Core Skills: Experience with big data technologies Hadoop, Spark, Pig and Hive in addition to knowledge of OLAP and reporting. Understanding of statistics and machine learning is a value-add. Experience with Statistics and Machine Learning.
Career Avenue: So how does one build hands-on experience as a big data specialist or big data developer. This advanced certification from AnalytixLabs provides the competencies in database technologies and advanced analytics concepts and gives candidates access to virtual labs to get hands-on training. You can learn some of the most in-demand database ecosystem tools like Hadoop, Apache Spark, Hive, Spark Streaming and Python for data analysis.
7) MIS Consultant/ Data Visualization Consultant
Role: MIS Consultants are tasked with designing and managing a platform for collection of data, reporting and dashboarding skills. Data Visualization experts gather data, analyze data and work on reporting and dashboarding. They are tasked with leading and designing reports and dashboards and have extensive experience with a range of BI tools and SQL.

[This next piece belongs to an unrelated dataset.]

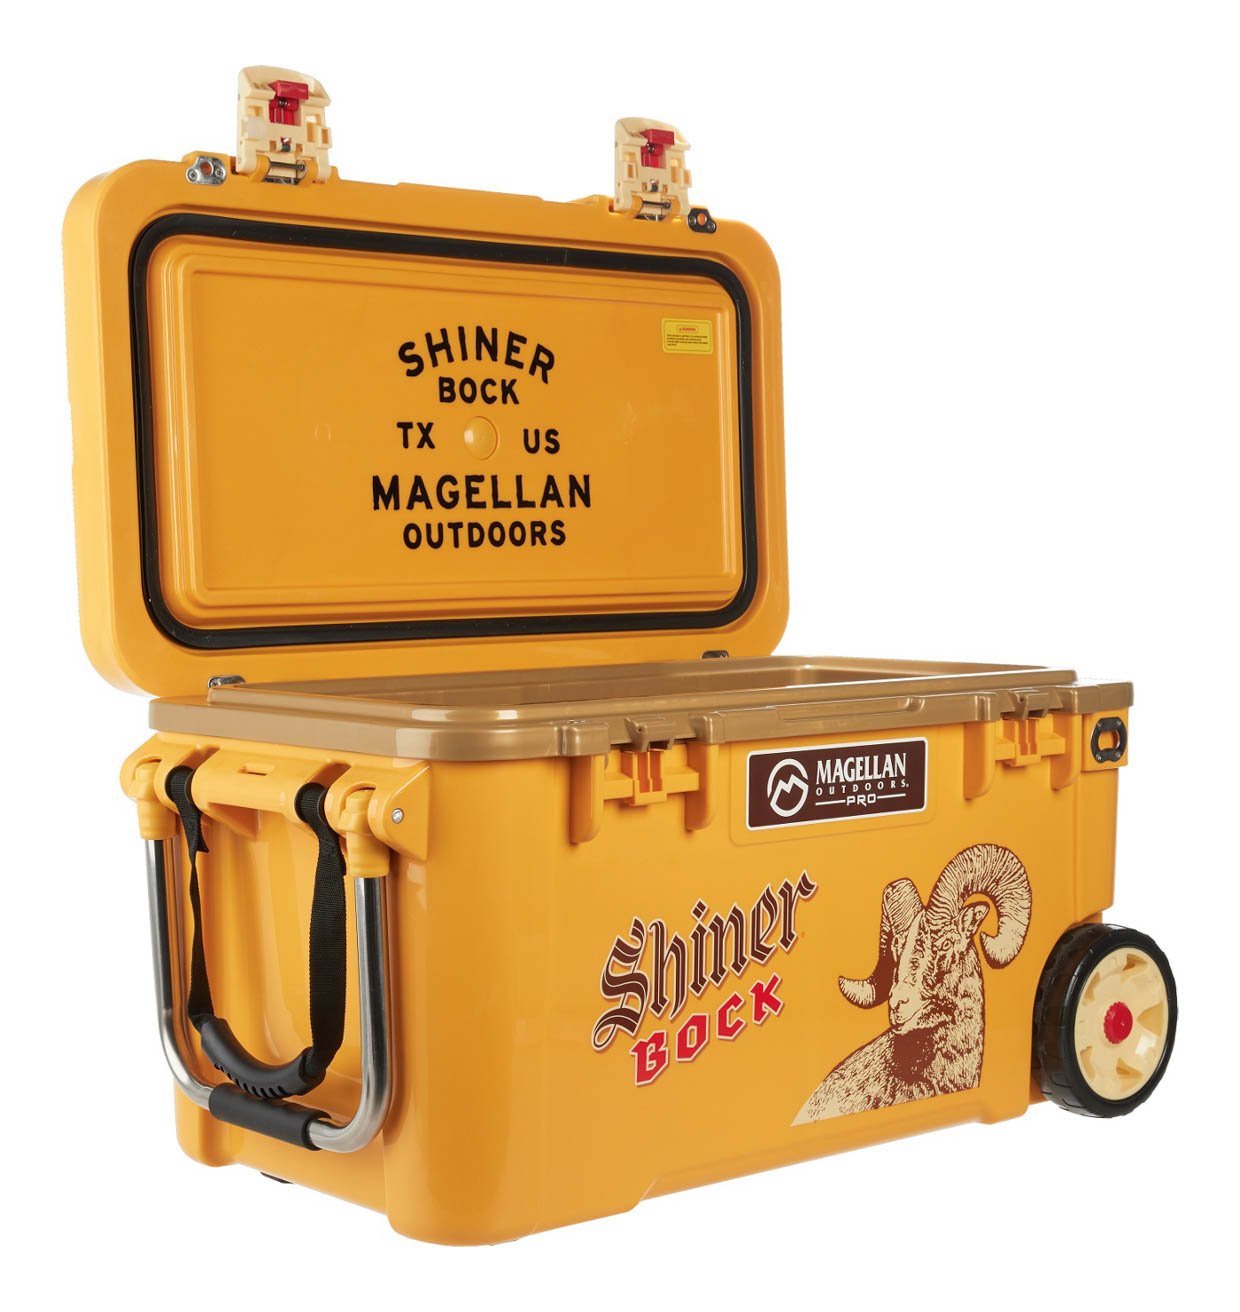 Shiner Beer x Magellan Outdoors Gear

Core Skills: Data Mining, reporting, writing SQL queries and dashboarding and collaborating with team members are some of the core skills required.
Career Avenue: This advanced training certification goes beyond Excel and provides job-oriented Analytics & Reporting skills with MS-Excel, VBA, MS-Access, SQL and Tableau. In addition to this, there is a strong focus on dashboarding skills, VBA macros which are strengthened with insightful case studies.